There is no implicit-consent path on purpose. Scrolling does not accept. Navigating to the next page does not accept. Closing the banner with Escape counts as reject, not accept, because dismissing a dialog must never be read as agreement. The only way to start tracking is an explicit click on Accept. That is the behavior EU "no implicit consent" rules require, and it is the default with no configuration.
Until a decision exists, the banner simply stays up and no consent cookie is written. On the first page where the visitor clicks Accept, the cookie is set and a nl:gate:changed event fires so the tracking engine can start immediately on that same page, no reload needed.
The nl_pref cookie
The single source of truth for consent is a first-party cookie named nl_pref, written client-side with path=/; SameSite=Lax and (on HTTPS) the Secure flag. It holds a JSON object, not a bare flag:
{"analytics":true,"marketing":true,"functional":true,"timestamp":1733650800,"version":1}What each field means:
analyticsis the gate Beaconry actually reads.truelets events flow,falseblocks them.marketingtracks the same accept/reject decision (the banner is binary, so the two move together) and is used when withdrawing consent to know which tracker cookies to purge.functionalis alwaystrue; strictly necessary cookies do not need opt-in.timestampis the Unix second the decision was made, useful for proof-of-consent records.versionlets the schema evolve without misreading old cookies.
The cookie lasts one year (max-age 365 days), then the banner reappears so consent is periodically renewed rather than assumed forever. The value is read back defensively: anything that is not valid JSON with a boolean analytics key is treated as "no decision yet" and the banner shows again, so a corrupted or hand-edited cookie can never silently enable tracking.
Withdrawing consent actively cleans up. Per GDPR Article 7(3), revoking has to be as easy as granting. When a visitor flips from accept to reject, the engine does not just rewrite nl_pref, it also expires the common first-party tracker cookies that were set during the consented session (Google Analytics _ga* / _gcl_*, the engine's own nl_sid / nl_dev / nl_ref / nl_ext, LinkedIn li_fat_id, Meta _fbp / _fbc, TikTok _ttp / ttclid and friends) and, if a Meta Pixel is present, calls fbq('consent', 'revoke') so it stops sending immediately. The visitor gets a clean cookie jar at withdrawal, not just a flag flip.
Customizing on the Banner tab
Everything visitor-facing lives under wp-admin, Beaconry, Cookie Banner. Nothing here is required, every field falls back to a sensible bundled default, so a fresh install already has a working, localised banner.
Enable / disable
A single master toggle, "Show consent banner on first visit". The status badge next to it reads Visible or Hidden so you can see the current state at a glance.
Copy
Four text fields, each optional, each falling back to the localised default when left blank:
| Field | What it sets | Default (EN) |
|---|---|---|
| Message | The banner body text | We use cookies for anonymous reach measurement.
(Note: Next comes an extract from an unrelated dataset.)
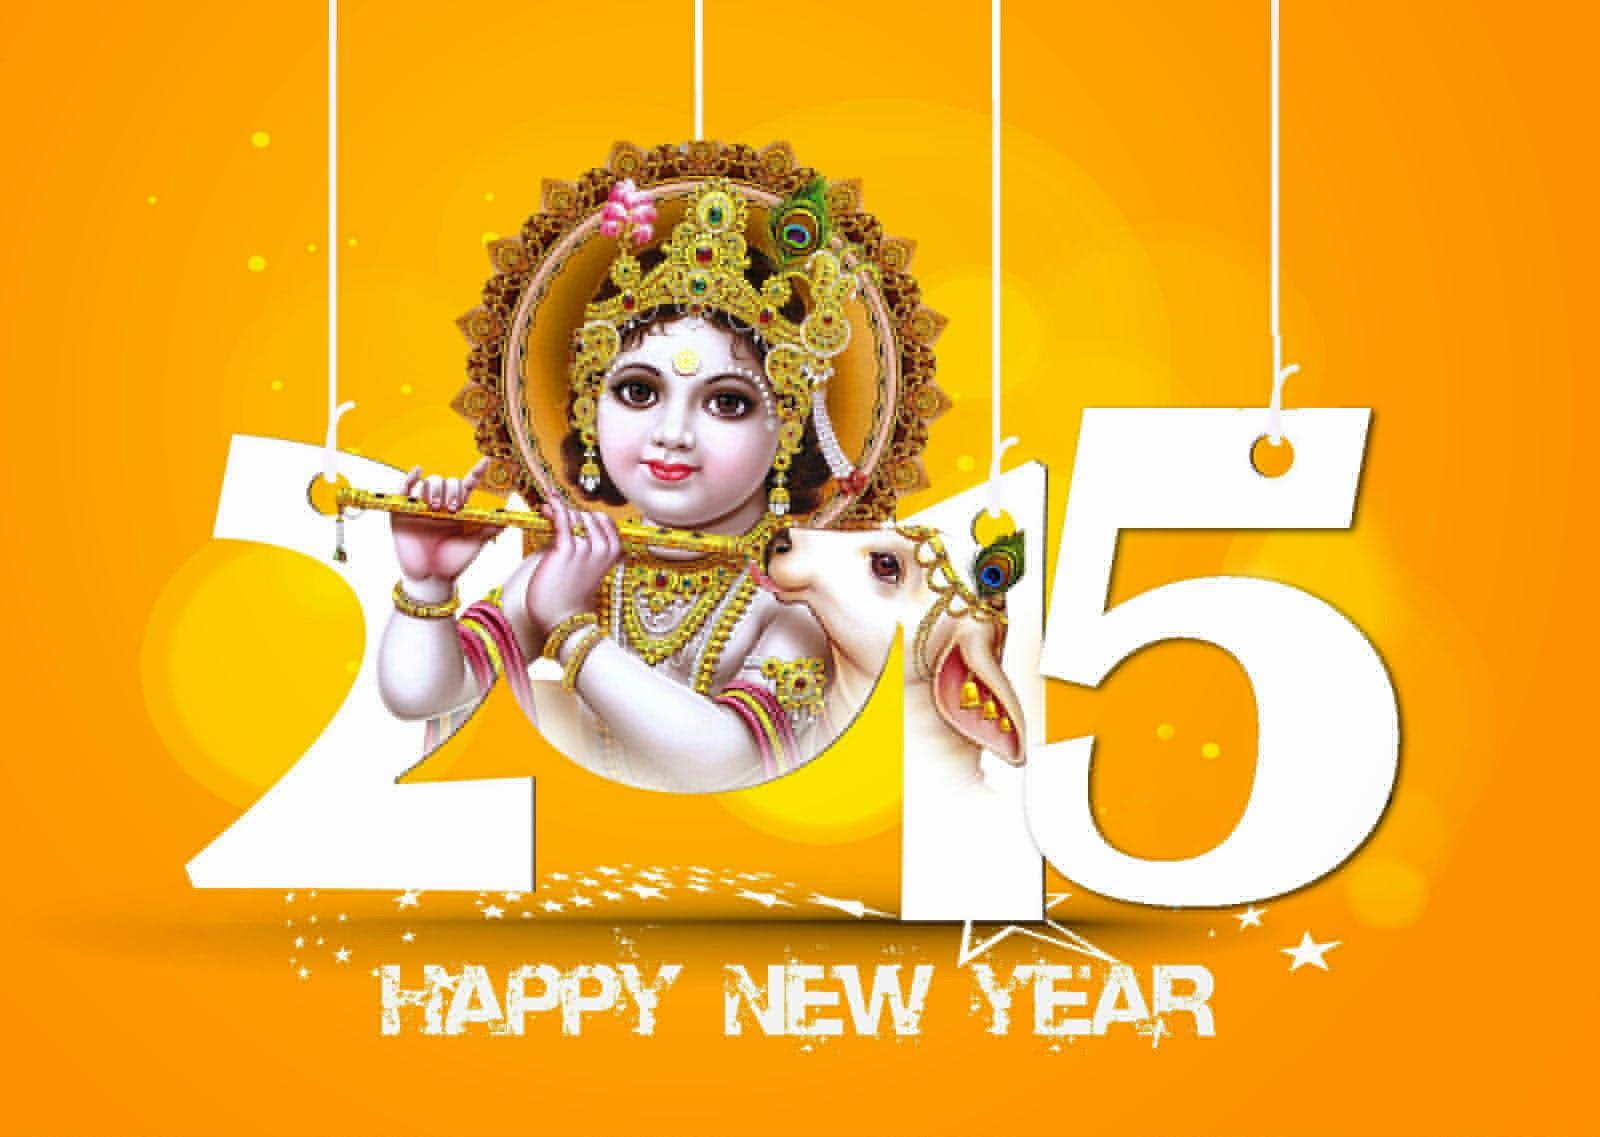 Happy New Year Lord Krishna Lord Krishna Happy New Year

You can revoke at any time. |
| Accept button | Label on the accept action | Accept |
| Reject button | Label on the reject action | Reject |
| Privacy link text | Label on the privacy link | Privacy |
The bundled defaults are hardcoded per locale (German and English ship in the engine) because the banner fires very early in the page lifecycle, before the full WordPress translation stack is ready, so it cannot rely on a late-loaded locale override for its first paint.
Colors
Three optional color fields, "Background", "Text color" and "Accent (buttons)". Leave any of them blank and the banner inherits that token from your active theme, Beaconry only overrides a banner color when you explicitly set a value. Each field has a native color picker next to a hex input so you can type #ff6a1a or pick it visually. The accent color paints the Accept button; the reject action stays a quiet underlined text button by design so the primary choice is visually obvious without dark patterns.
Privacy URL
Where the privacy link points. Leave it blank and Beaconry links to /datenschutz/ on the current site. Set it to any URL to point elsewhere. On multilingual installs this single URL is resolved to the right per-language page at request time, covered in the next section.
Re-open the banner later
Consent has to be revocable. Drop the [beaconry_revoke_consent] shortcode on your privacy page (or anywhere) and it renders an inline "manage cookies" link that wipes nl_pref and re-shows the banner so the visitor can change their mind. Override the label with [beaconry_revoke_consent text="Manage cookies"]. Under the hood the link carries the data-nl-cookie-settings attribute that the banner engine listens for, so it re-opens the live dialog rather than just reloading.
Accessibility
The banner is a proper modal dialog, not a styled div, and it behaves like one for keyboard and screen-reader users:
role="dialog"+aria-modal="true"with a localisedaria-label("Cookie settings" / "Cookie-Einstellungen"), so assistive tech announces it as a modal dialog with a name.- Focus moves into the dialog on show. When the banner slides in, focus lands on the Accept button, so a keyboard or screen-reader user is immediately inside the dialog rather than hunting for it.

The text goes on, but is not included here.